Pharcyde phones in phrom home

The L.A. group heads to isles on tour

By John Berger
Special to the Star-Bulletin



"THIS phone might cut out," Tre "Slimkid 3" Hardson of the L.A.-based group, The Pharcyde, warned when he called last week. The connection certainly wasn't very good; it sounded like he was calling from Party Central.

The quartet - Imani, Bootie Brown and Fat Lip are the other Pharcyders - was about to leave for a tour to Japan and bad connection or not, Hardson was pausing from the party to do his duty as an artist.

More than most contemporary rap acts The Pharcyde is a musical ink blot test. Are they wry satirists with jazz roots? Gangsta pranksters? Sexists? Dope heads? It depends on what the listener wants to find.

"You have to be able to laugh at things. If you can't be humorous (about life) you'll just run yourself down," Hardson said of the group's more comical accounts of adventures and misadventures in inner city Los Angeles.

While sex-and-dope cuts catch some ears, the quartet addresses issues such as racism, promiscuity, the human cost of the crack epidemic, African-American stereotypes and economic exploitation of inner city communities with equal eloquence.

"Everybody has their own interests and brings to the table what they're good at. That's what gives Pharcyde our individuality."

The Pharcyde came together when Fat Lip met the other three at an aspiring artists development program funded by A&M Records. Something clicked and they began trying out names.
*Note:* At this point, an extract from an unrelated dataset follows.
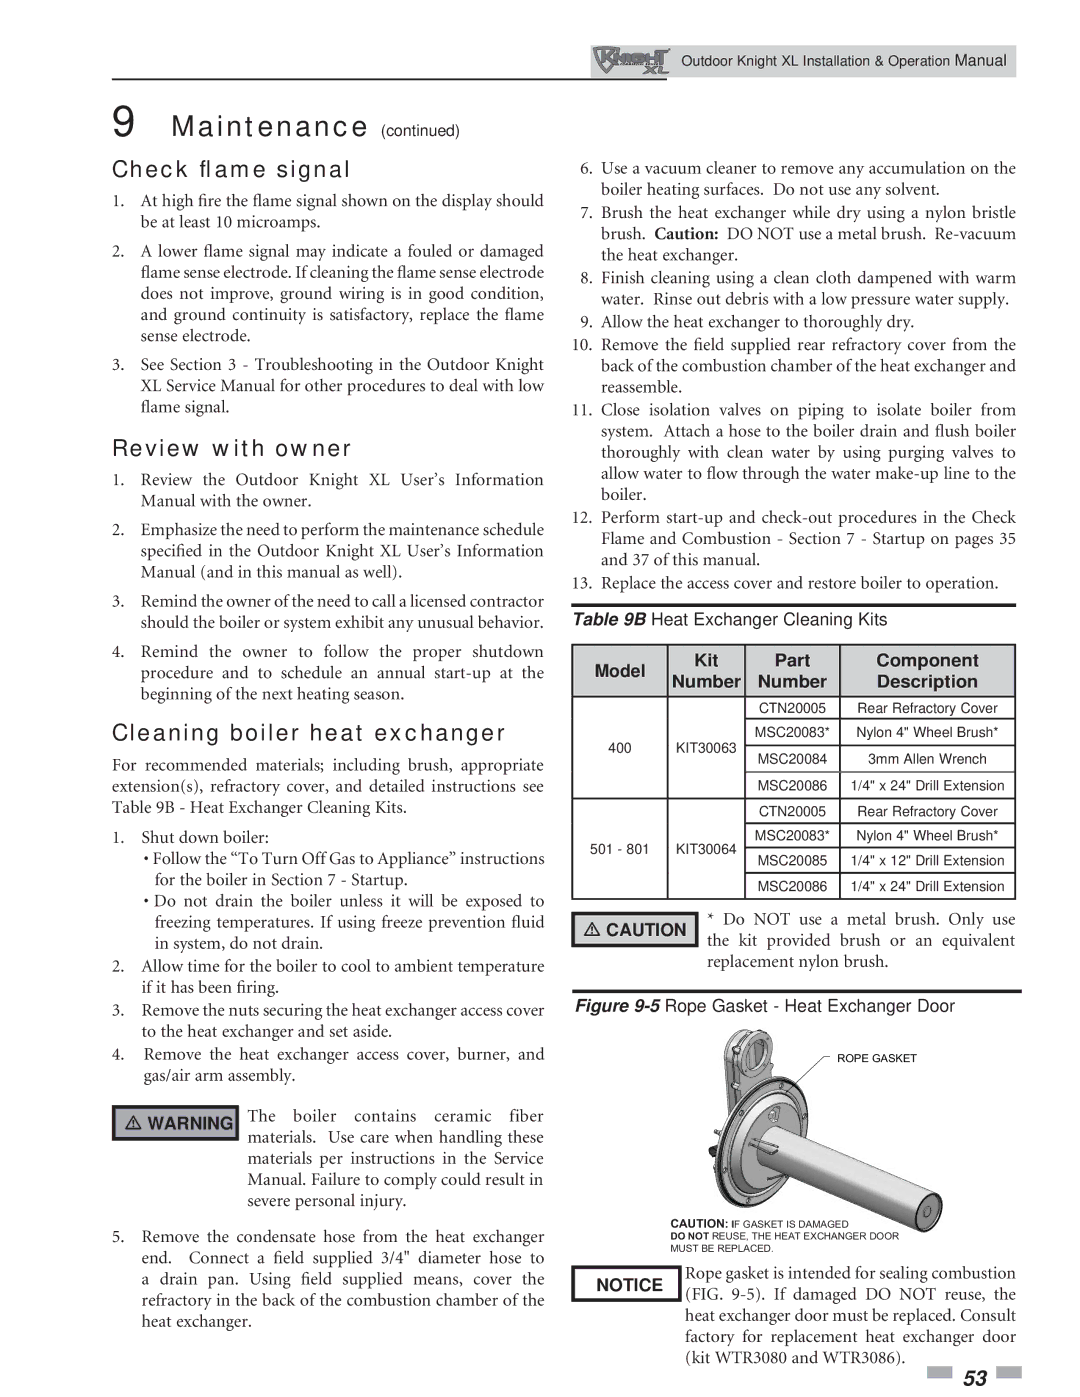 Lochinvar 400-801 operation manual Check ﬂame signal, Review with owner, Cleaning boiler heat exchanger

The pun-rich tag "The Pharcyde" won out; individual monikers have changed a few times since the quartet hit with its debut album, "Bizarre Ride II The Pharcyde" in 1992.

The album was met with a barrage of favorable cliches from national music reviewers, but the group announced that they would break up after three albums. With their second, "Labcabincalifornia," garnering even bigger raves, is The Pharcyde still on schedule for oblivion?

"As far as we know. You grow into people, you grow out of people. We just try to make three good albums. Who knows what tomorrow holds?"

Did they seriously consider calling themselves True Jiggaboo?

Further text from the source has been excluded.